In most parliamentary systems, individual backbenchers have little power to affect government policy. However, they play a greater role in the work of the legislature itself; for example, sitting on parliamentary committees, where legislation is considered and parliamentary work is done in more detail than there is time for on the floor of the House. In addition, since backbenchers generally form the vast majority of government MPs – and even their totality in dualistic parliamentary systems, where ministers cannot serve as MPs simultaneously-collectively they can sometimes exercise considerable power, especially in cases where the policies of the government are unpopular or when a governing party or coalition is internally split. Government backbenchers carry considerable influence when they are in a party with a small majority.

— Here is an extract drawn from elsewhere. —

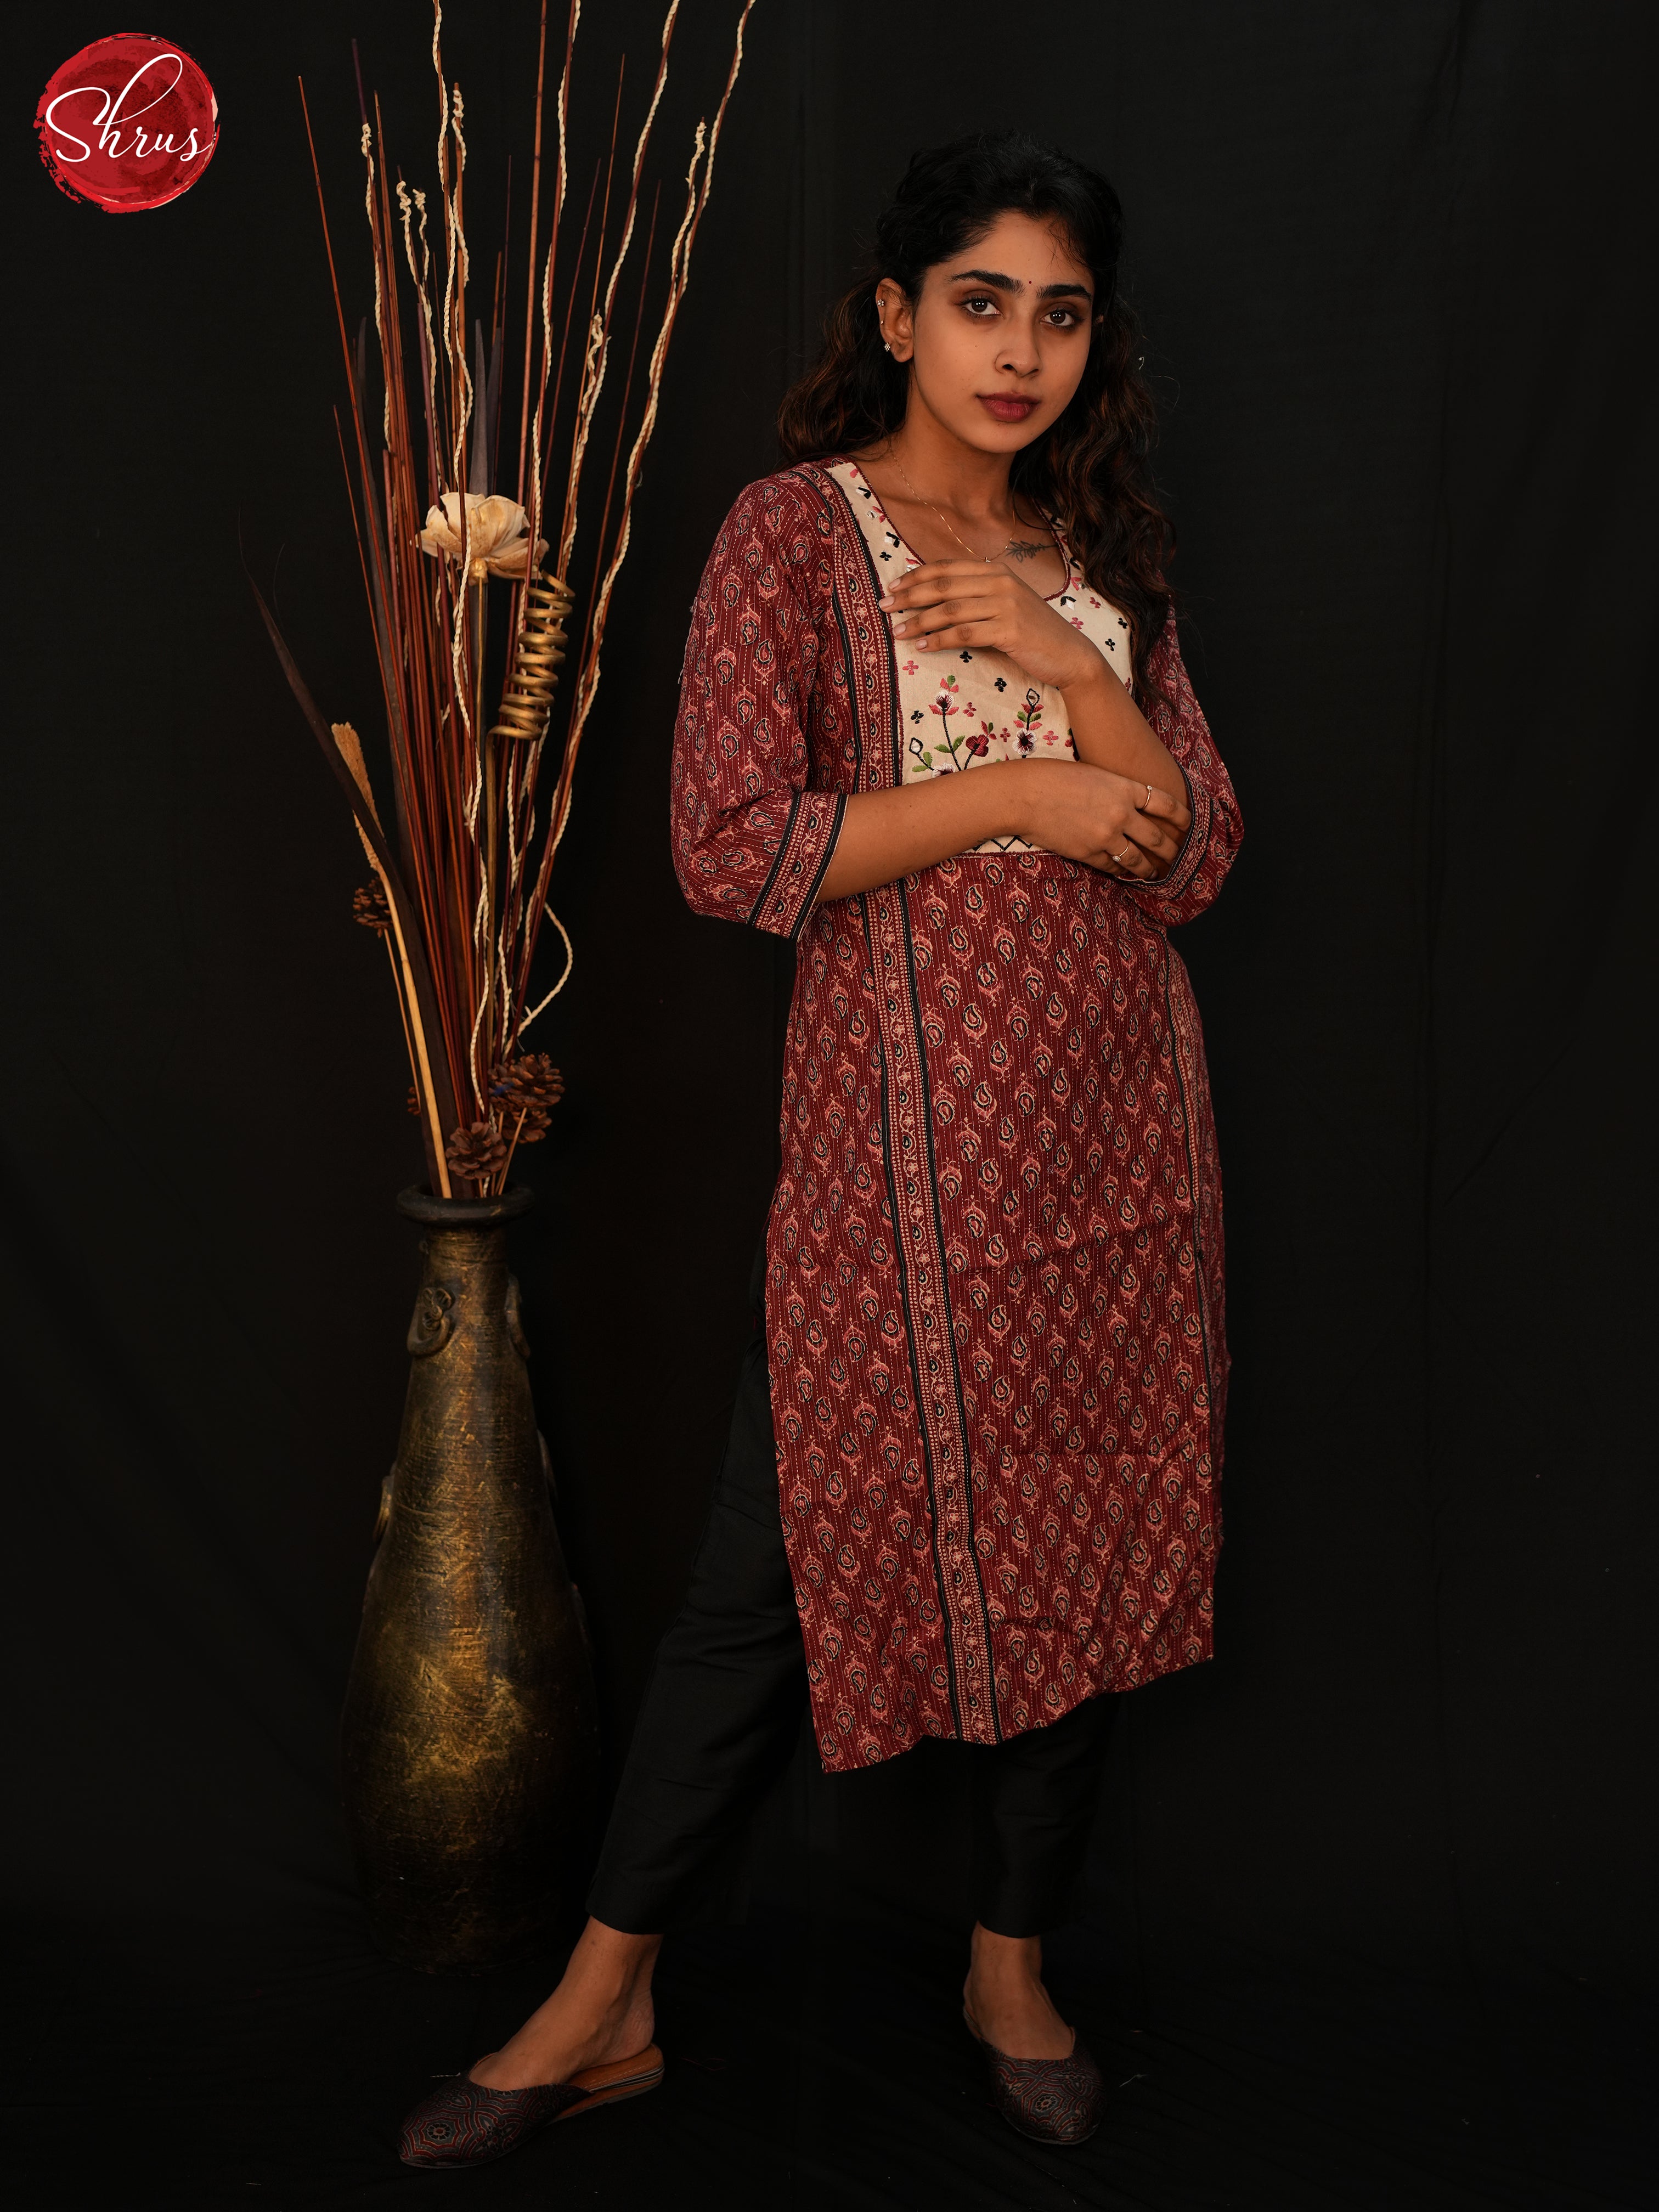 Brown & White - Readymade Cotton Straight Kurti with floral print - Shop on ShrusEternity.com

In some legislative assemblies, sitting at the back of the chamber is not necessarily associated with having a minor role. In Switzerland, senior figures sit in the back rows in order to have a better overview and be closer to the doors for discussions outside the plenary. In Germany, the party leaders sit in the front row, but there are no designated places for other senior figures. The term backbenchers ("Hinterbänkler") therefore refers to largely unknown MPs without much influence, regardless of where they sit. Originally, the importance of the front rows for the leaders had also to do with the fact that acoustics were often unsatisfactory before microphones were introduced. Prominent or iconic political figures can also play a backbench role, as the case of Aung San Suu Kyi illustrates: the leader of Myanmar's opposition to military rule was first elected MP in 2012 but proved only marginally involved in legislative business.

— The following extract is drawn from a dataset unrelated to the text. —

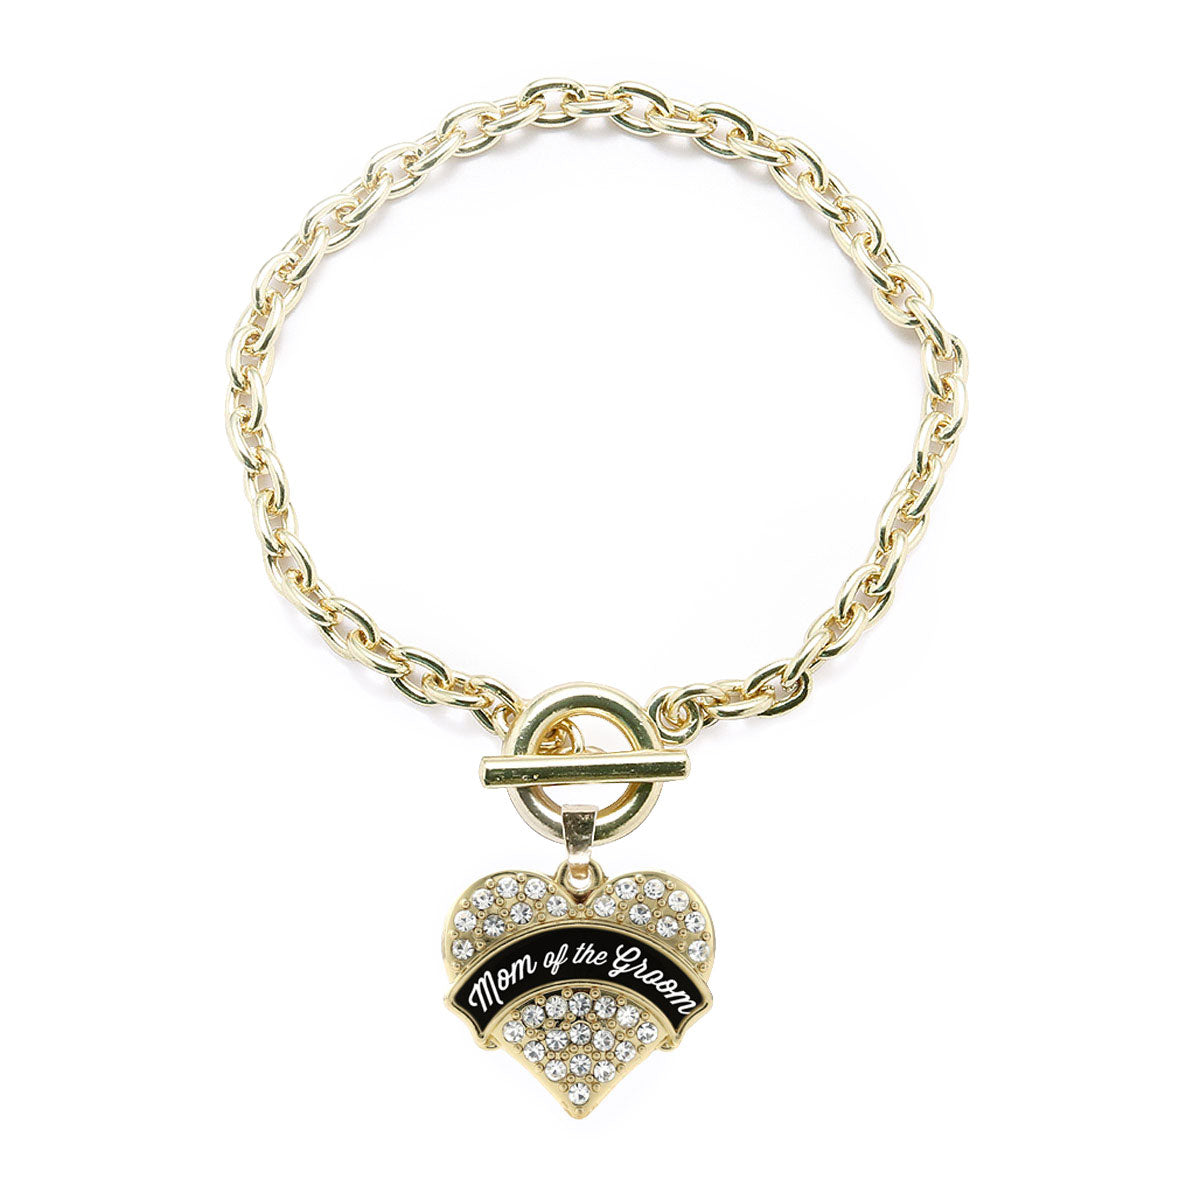 Gold Black and White Mom of the Groom Pave Heart Charm Toggle Bracelet

The term "backbencher" has also been adopted outside parliamentary systems, such as the United States Congress. While legislative branches in presidential systems do not share the firm front bench/back bench dichotomy of the Westminster system, the term has been used to denote junior legislators or legislators who are not part of party leadership within a legislative body.

==By country==

===United Kingdom===

The most important backbench role is that of a constituency representative; constituents rely heavily on their MPs to represent them in parliament and make sure their concerns are heard, whether or not they voted for the MP representing them. Constituents may email and meet their MPs, raising the issues and concerns they want the government to hear. Backbenchers have an opportunity to raise their constituents' concerns directly to the prime minister in Prime Minister's Questions.

Backbenchers also have an unofficial agenda-setting power, with Opposition Day debates, private member's bills, and Prime Minister's Questions available to place items on the parliamentary agenda which are awkward for the government. The Wright Committee reforms introduced in the UK provided backbenchers with much more power in committees, giving Parliament greater control of its agenda, and increasing backbench membership in committees vastly.

Additionally, the Commons Backbench Business Committee was created in 2010 with cross-party support. It debates matters unlikely to be debated in government time, with each decision voted upon formally. By the end of 2010 coalition government it had undergone 300 debates, ranging from prisoner voting rights to the Hillsborough disaster. Furthermore, they have influence as discussed above when they are a member of a committee, these committees provide a perfect opportunity for backbenchers to have their voices heard in the legislative process. It usually proves difficult for backbenchers to be involved and have direct input in the legislative process when they are not involved in these activities.

=== Singapore ===
Traditionally, as the PAP has been the largest party in Singapore, there are many MPs who serve as backbenchers for the PAP. Often, these MPs sit near the back of parliament and are candidates in GRCs, where they contest in a team led by a PAP minister.